The FP Canada Research Foundation announced it has published new research assessing the value of withdrawing more than necessary from registered retirement income funds (RRIF), earlier than required, saying the benefits of the practice may be overstated.
“Put simply, some planners may be relying on rules of thumb, oversimplifying complex sets of circumstances. This may be a problem for clients, as the research shows that projections based on just one potential future scenario are unreliable and misleading,” the foundation states in its announcement about the release. “Accelerated RRIF withdrawal strategies aren’t always as valuable as expected.”
The research paper, Retirement Drawdown Choices, authored by Doug Chandler, an actuary specializing in retirement research and an associate fellow of the National Institute on Aging, says “despite media stories highlighting opportunities to take advantage of differences in tax brackets, this research found that demonstrating added value can be quite difficult.” The report adds that advantages disappear when investment returns are both above average and below average. “In the analysis in this report, some opportunities that improve the average outcome come with increased risk of financial distress,” the report states.
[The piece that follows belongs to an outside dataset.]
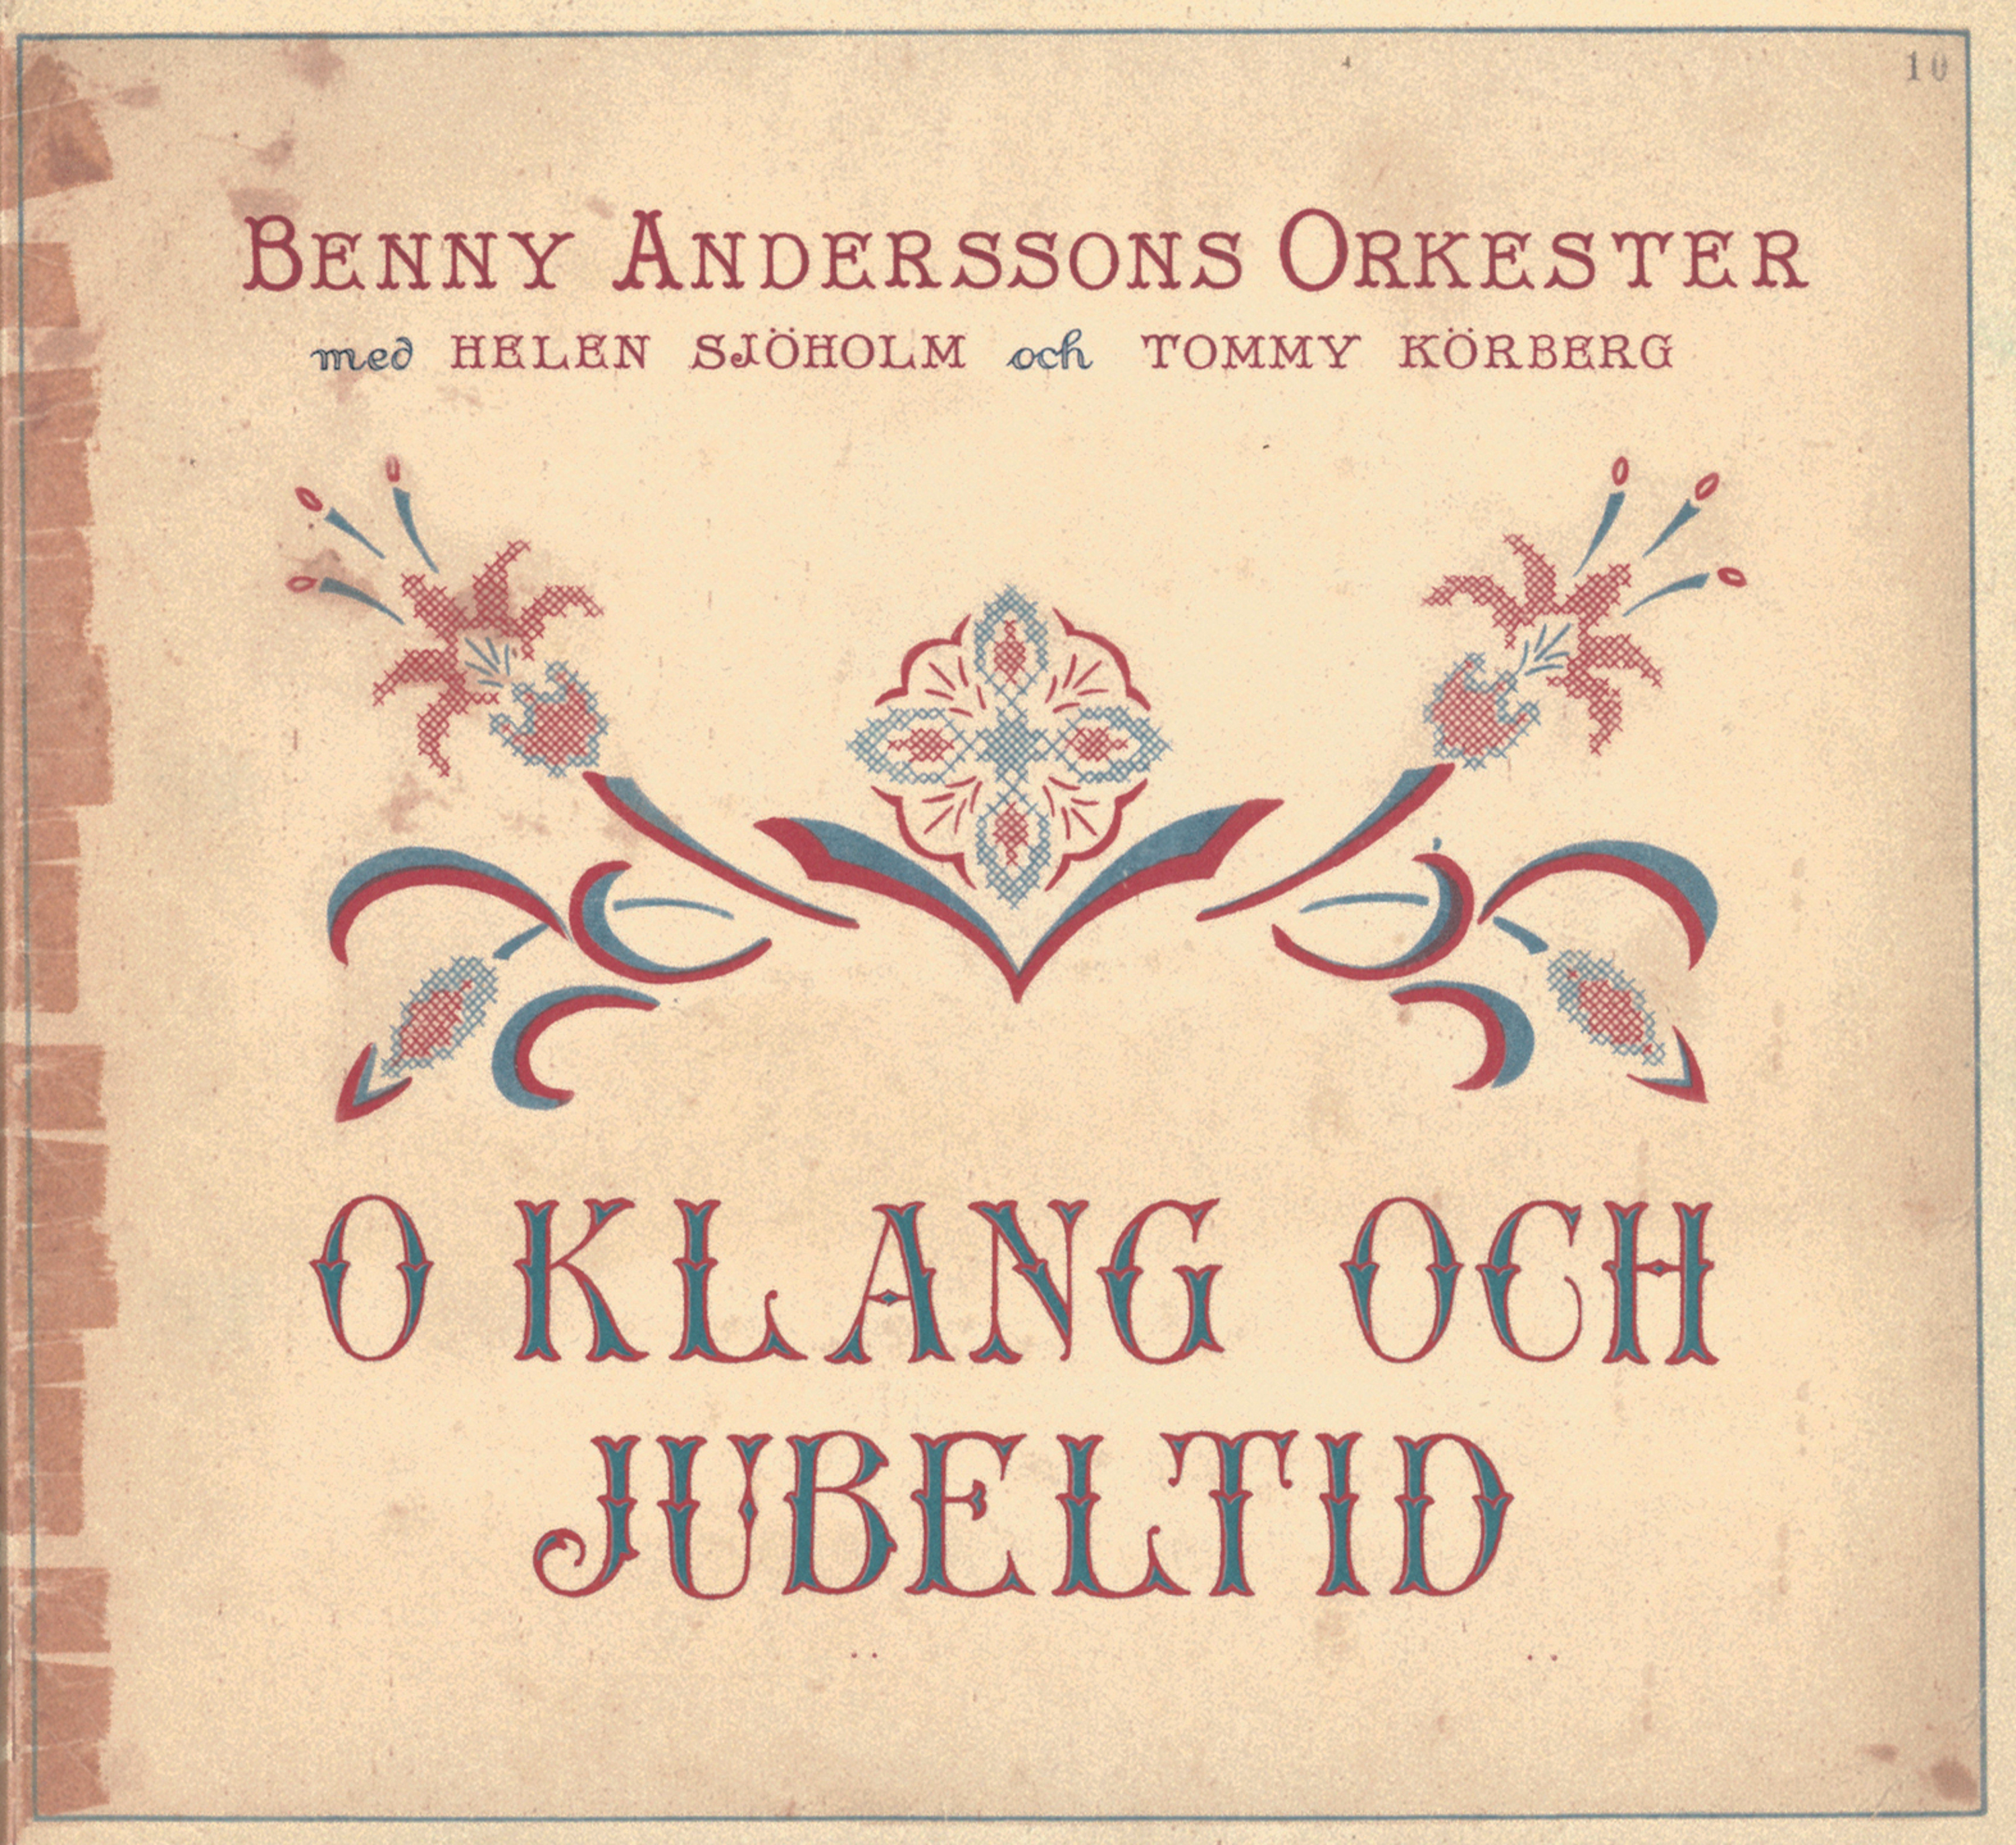 Benny Anderssons Orkester - O klang och jubeltid - CD

“At the outset, it was intended that this research would determine if a manageable set of guidelines for financial planners who are called upon to advise clients on drawdown strategies could be articulated and outline what those rules would be,” they write. “Once the full complexity of investment risks, longevity risk and Canada’s morass of taxes, credits and income tested benefits for seniors was taken into account, this research concluded that simple, single-scenario projections of the value of a drawdown strategy are unreliable and misleading.”